Assessment of leakage through the J-groove weld was employed by performing a LPT examination on the surface of the J-groove weld in accordance with Areva procedure 54-PT-200-07.

The inspectors found that Areva examination procedures for CRDM nozzles were demonstrated to be able to detect and size flaws in the RPVH nozzles in accordance with Electric Power Research Institute (EPRI) NDE Centers protocol contained in Materials Reliability Program: Demonstration of Vendor Procedures for the Inspection of Control Drive Mechanism Head Penetrations (MRP-89). Arevas equipment demonstration took place from August 14 to August 24, 2006. Areva had performed a similar demonstration in 2002, as documented in MRP-89. However, because Areva modified its equipment including changing the essential variables of the demonstration in 2002, the demonstration was repeated. The 2006 demonstration was performed with three RPVH nozzle mockups with multiple tube flaws representing the expected field degradations. These mockups were different from the ones used during the demonstration performed in 2002 (i.e., demonstration documented in MRP-89).

The demonstration adopted security portions from the EPRI Performance Demonstration Initiative protocol by restricting the access to the mockups and making them available to Areva only when the EPRI NDE personnel were present. EPRI letter to Duke Energy Corporation, dated March 29, 2007, documents the comparison of the recent Arevas equipment demonstration with the previous demonstration performed in 2002. The letter states that the scatter observed is within the variability of the examination and the reliability of the examinations conducted with the new instrumentation will be comparable to the previous demonstration.

The procedure used for the RPVH vent line was not demonstrated under a specific program such as the EPRI MRP. This procedure was developed with NDE techniques similar to the CRDM procedures with regard to basic fundamental ultrasonic requirements. The procedure used for the LPT examination of the vent line weld surface was developed in accordance with the ASME Code.

3) Verification that the licensee was able to identify, disposition, and resolve deficiencies.

All indications of cracks or interference fit zone leakage were required to be reported for further examination and disposition as specified in Arevas NDE procedures. Based on observation of the examination process and discussions with vendors personnel, the inspectors considered that deficiencies would be appropriately identified, dispositioned, and resolved. UT indications associated with the fabrication of the J-groove weld and Enclosure

nozzle tube material were identified at several RPVH penetrations. These indications did not exhibit service related crack characteristics and were documented for future reference.
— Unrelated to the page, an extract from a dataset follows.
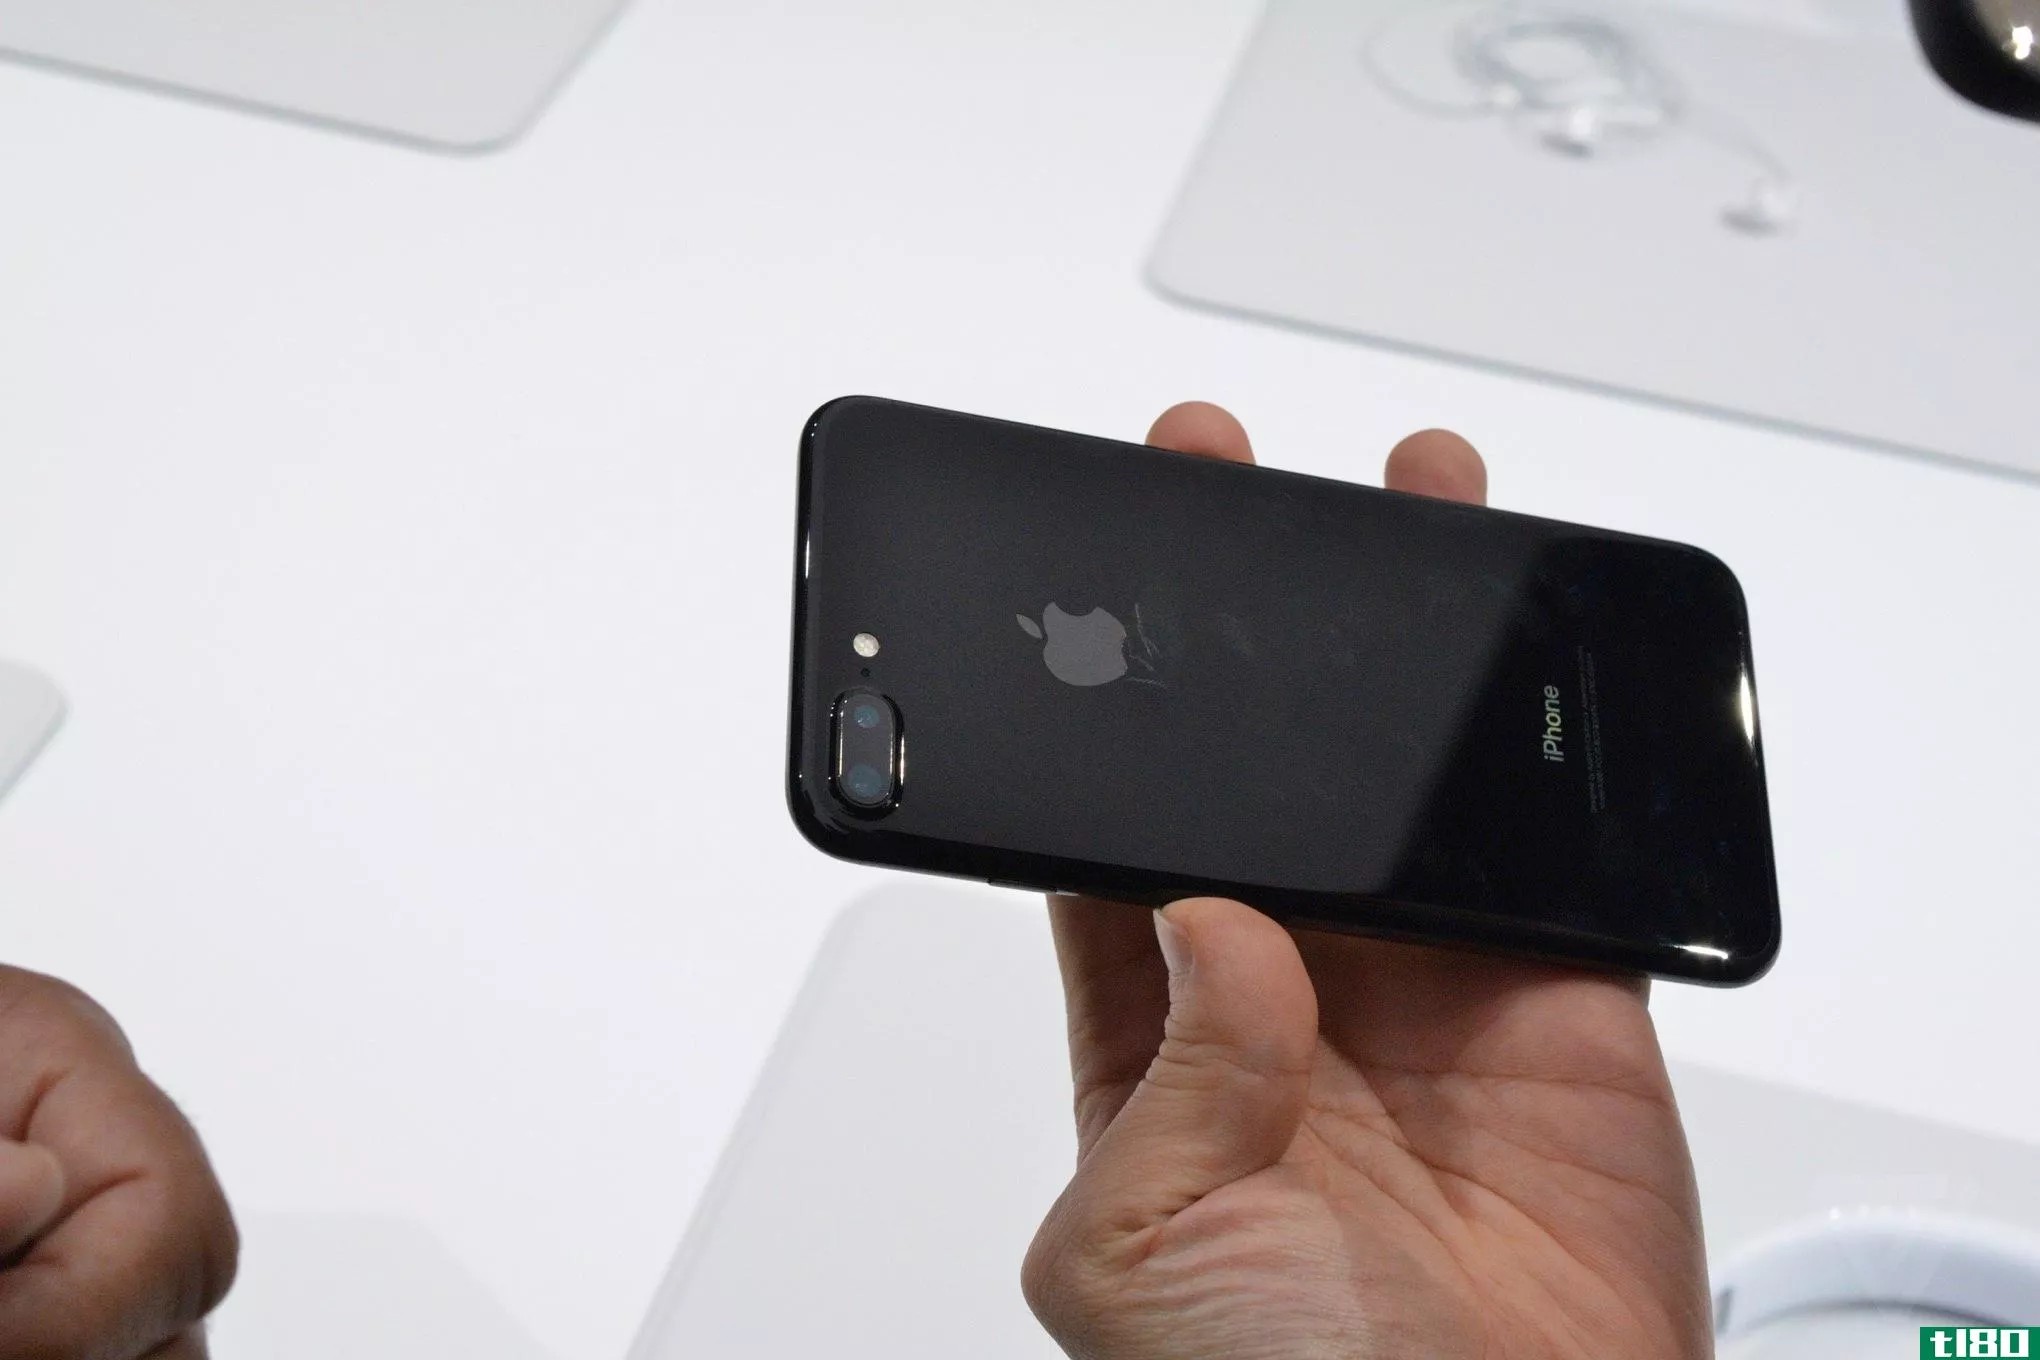 苹果警告说，它的黑色iphone7很容易刮伤

4) Verification that the licensee was capable of identifying the primary water stress corrosion cracking (PWSCC) and/or RPVH corrosion phenomenon described in the NRC Order.

The NDE techniques employed for the examination of RPVH CRDM nozzles had been previously demonstrated under EPRI MRP/Inspection Demonstration Program protocols as capable of detecting PWSCC type manufactured cracks. Based on the review of performance demonstration documents, observation of in-process examinations, and review of NDE data, the inspectors considered that the licensee was capable of identifying PWSCC and/or corrosion as required by the NRC Order.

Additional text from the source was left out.